Data provided:
* * *
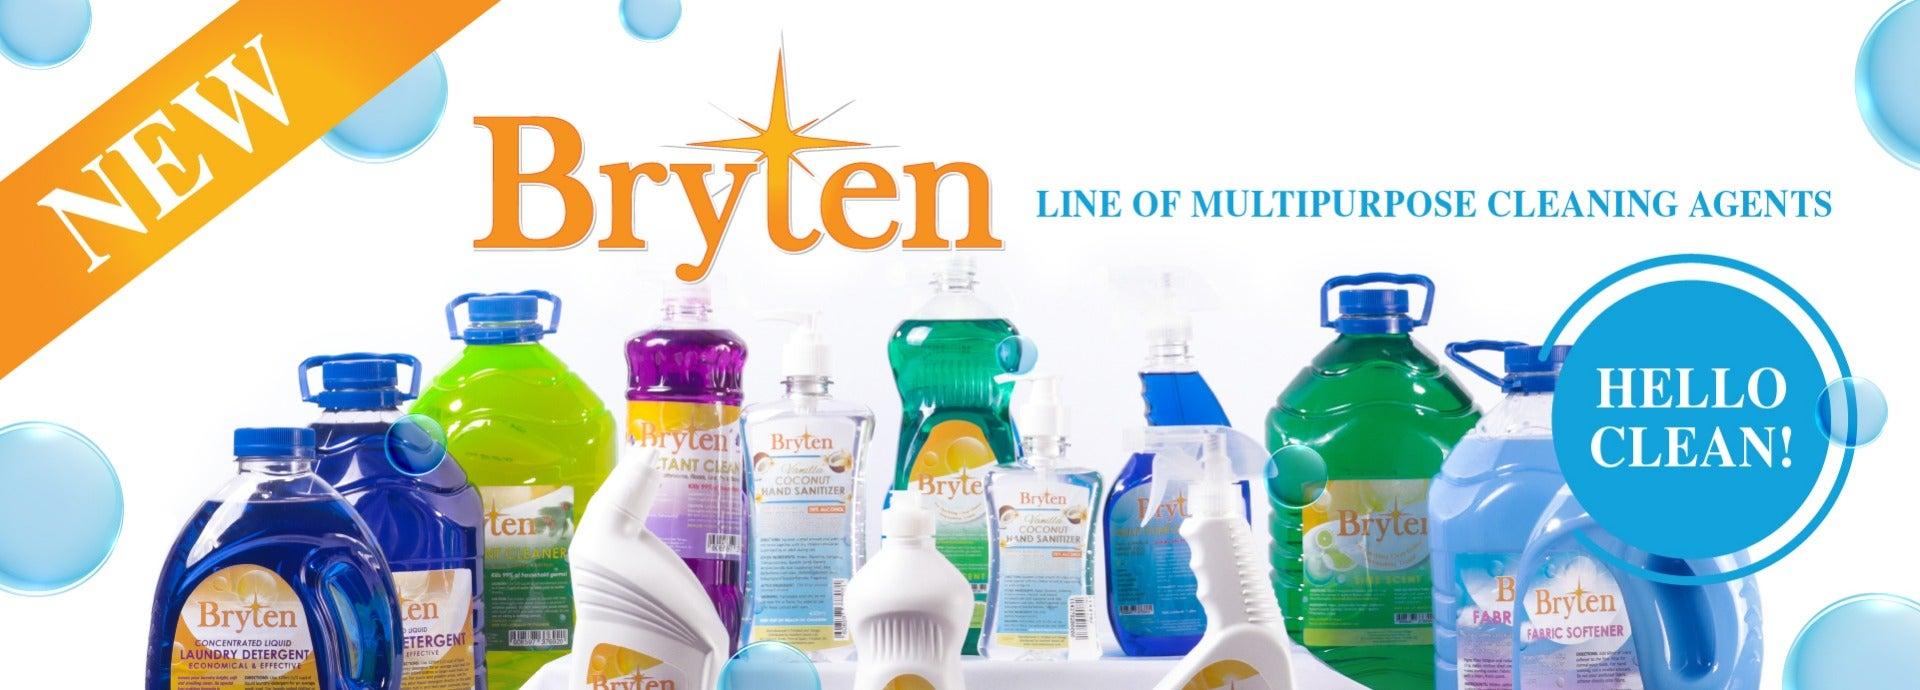 Bryten Cleaning Supplies
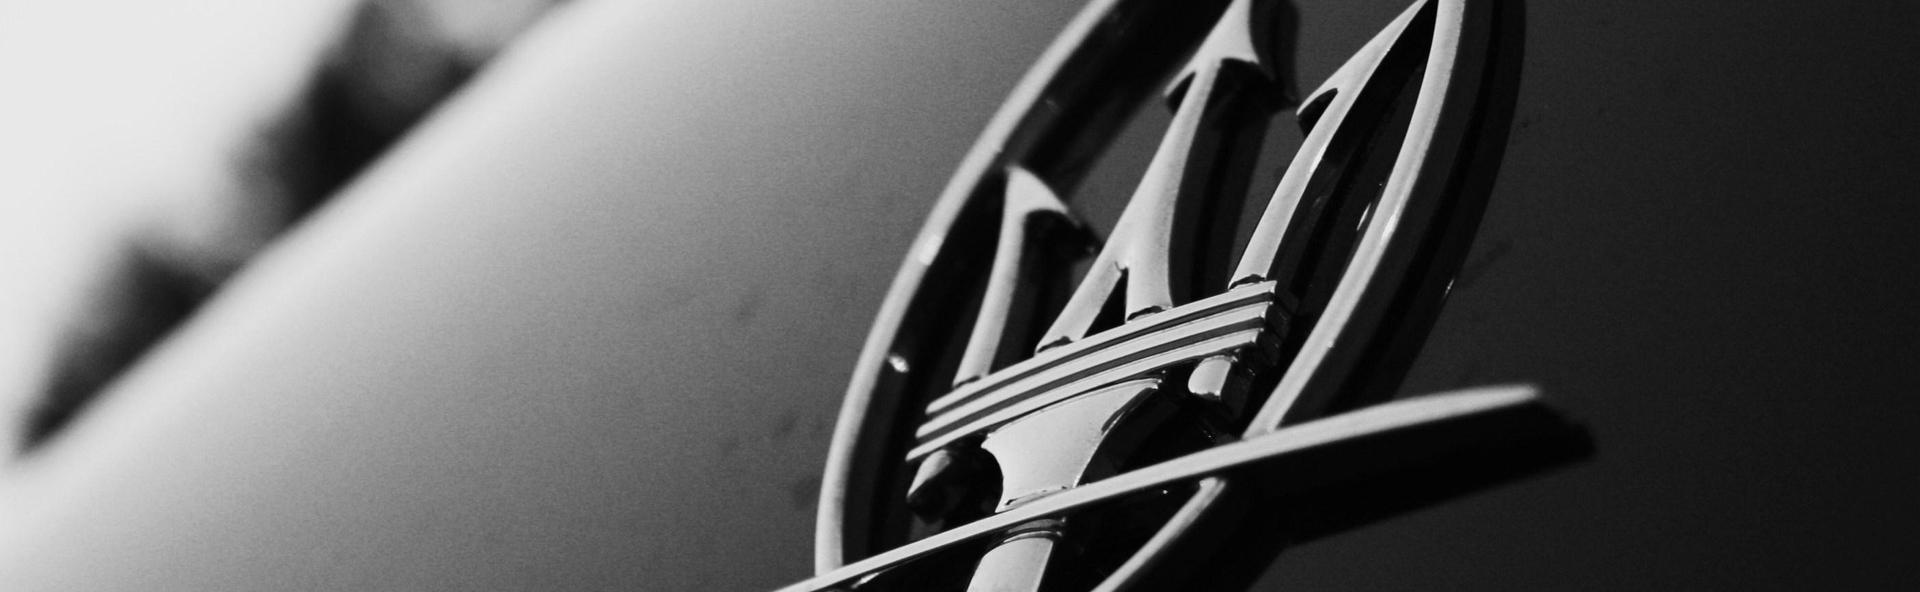 1920_sliderCorsalin_Maseratilogo
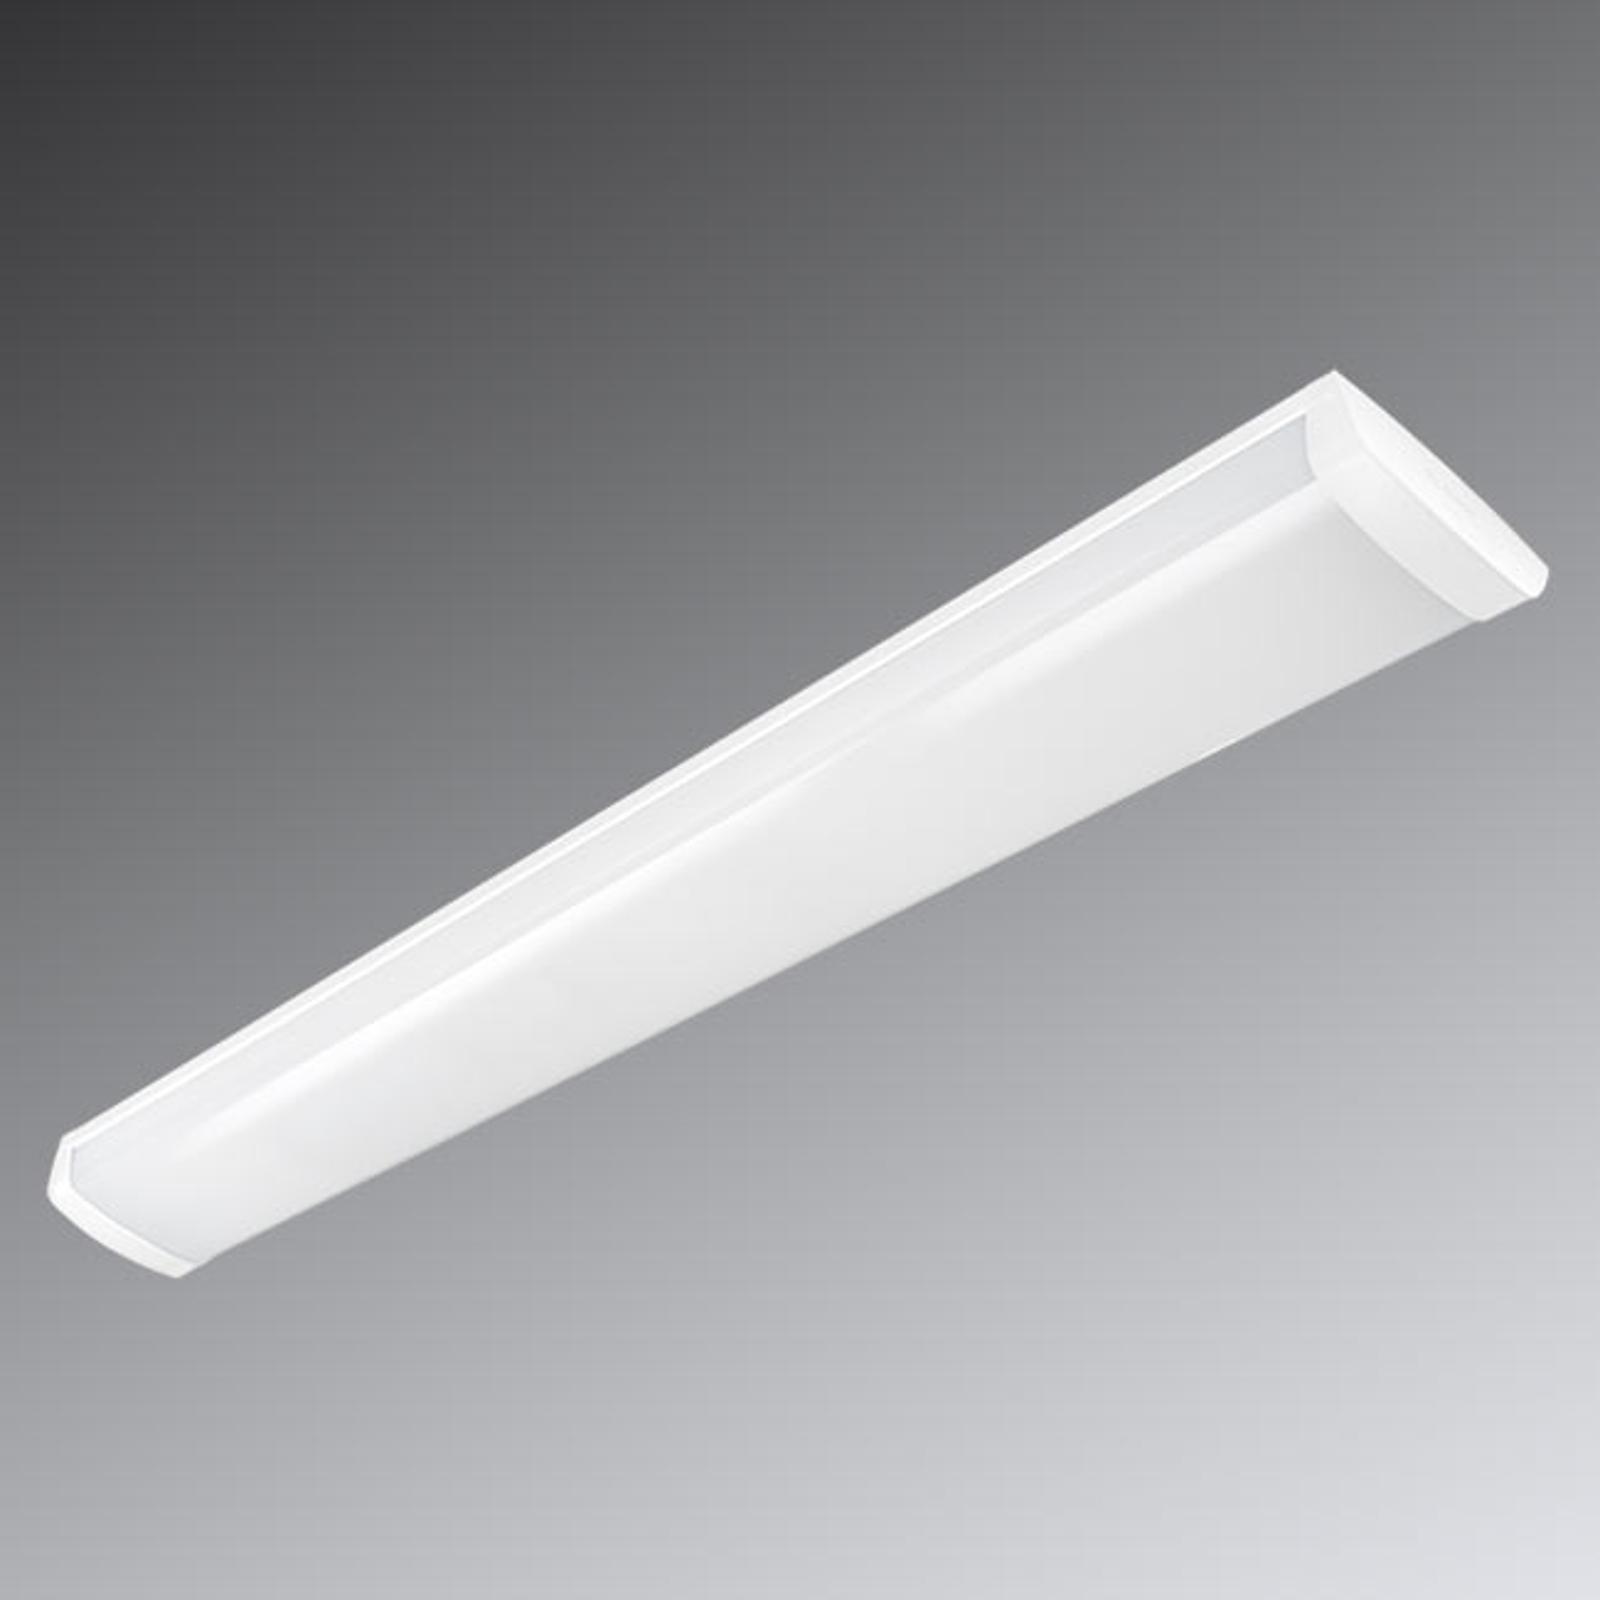 Długa lampa sufitowa LED i60-1500 6000 HF 3000K
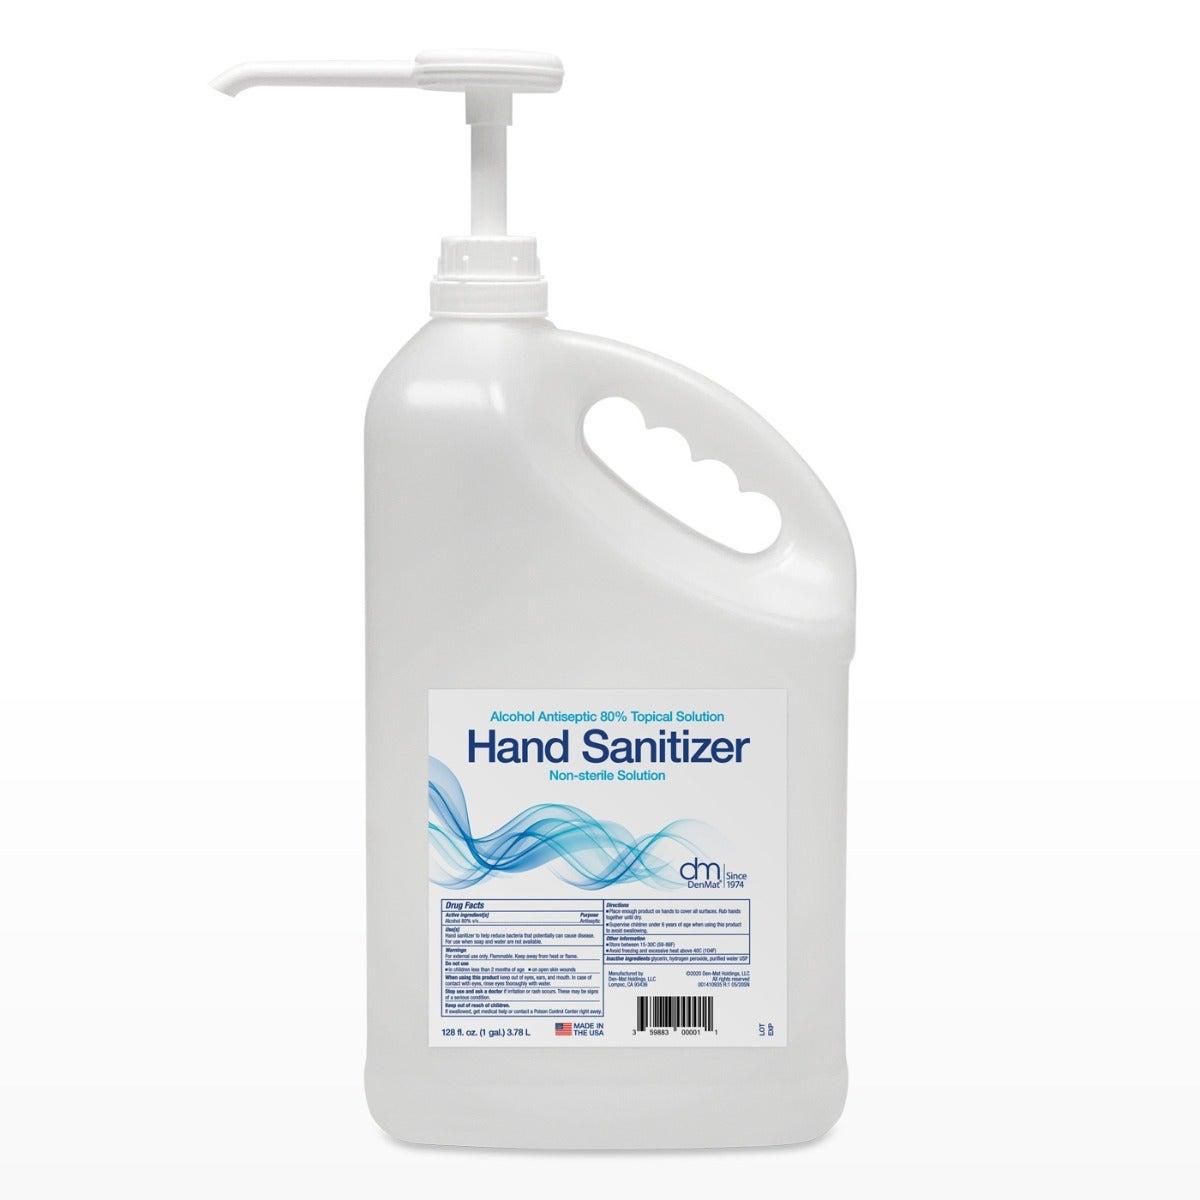 Liquid Hand Sanitizer Denatured Alcohol Antiseptic 80% Solution 128oz
* * *
Problem to solve:
As you output the material, omit the pictures but alter nothing else.

Written answer:
 Bryten Cleaning Supplies
 1920_sliderCorsalin_Maseratilogo
 Długa lampa sufitowa LED i60-1500 6000 HF 3000K
 Liquid Hand Sanitizer Denatured Alcohol Antiseptic 80% Solution 128oz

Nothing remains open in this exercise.